This is the second part of my teaching on this text. In the previous episode, I stated that you and I must take several ACTIONS to accept the costs associated with discipleship.
The first action was to “give up your identity.” We delved into the profound act of surrendering to Christ, choosing to follow His plans rather than our own, a necessary step in our journey of discipleship.
The following action was “take up your cross.” We looked at the extreme physical suffering experienced by those who died on crosses in Jesus’ day and made the parallel application to how painful it is for us to put our bodily appetites and desires to death.
The Second ACTION is:
Take Up Your Cross
Why did Jesus use this terminology? This was the death He was facing. From his struggle in the garden, we know that his flesh recoiled from it. It seems Jesus wanted to impress upon the disciples that this excruciating method of death would be to the physical body what death to self would be to the spiritual and emotional parts of our being. Our flesh dies hard; it hangs on tenaciously to life. We want to retain control. But Jesus says, “Count the cost; if you are not willing to take up the cross and die the kind of death I will die, you can’t be one of my disciples.”

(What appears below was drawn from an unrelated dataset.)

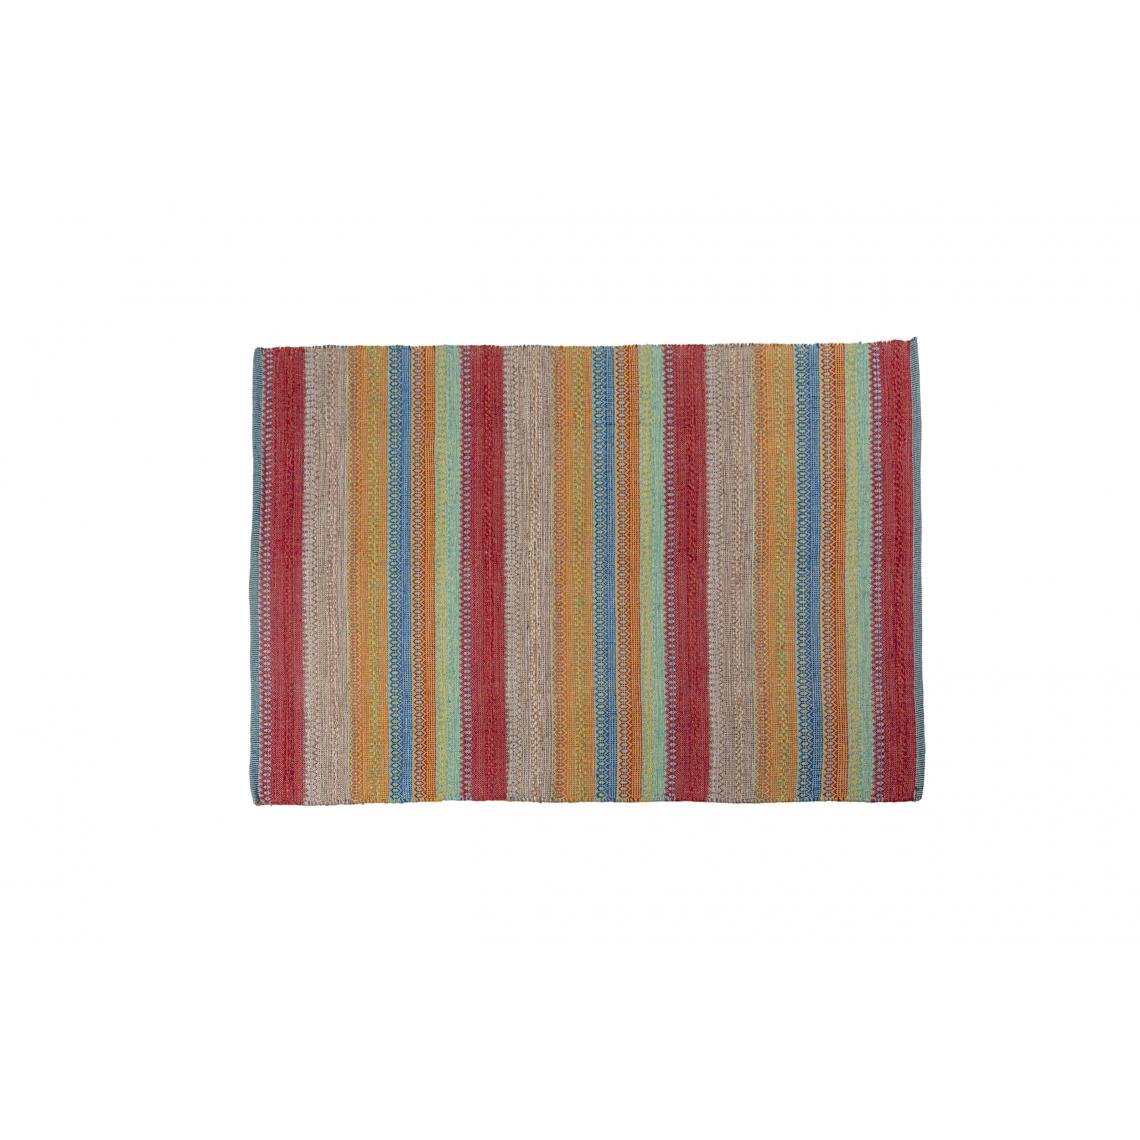 Alter - Tapis moderne Cleveland, style kilim, 100% coton, multicolore, 150x80cm - Tapis

Jesus urged them to take up this voluntary cross. No one is compelled to be a disciple of Christ. Who in their right mind would voluntarily submit to such suffering and death? To answer that question, we must look at the alternatives.
Notice that in verse 36, Jesus used the terms of commerce, profit, and loss. He said, “Whoever protects his physical life, whoever cares more for his body than for the Lord’s commands, will lose his spiritual life; he will lose his soul.” That doesn’t mean we neglect our bodies; they are the temple of the Holy Spirit. There are other Scriptures dealing with that subject. What is in view here is the focus on sacrificing the spiritual to protect the physical.
I once heard the story of a couple who felt called by God to serve on a foreign mission field. I don’t know the story’s origins, but I will share it as I recall it. They accepted that call and went to share the Gospel with tribal people in the jungle. The Lord began to bless them with a family in their years of service there. They had four sons.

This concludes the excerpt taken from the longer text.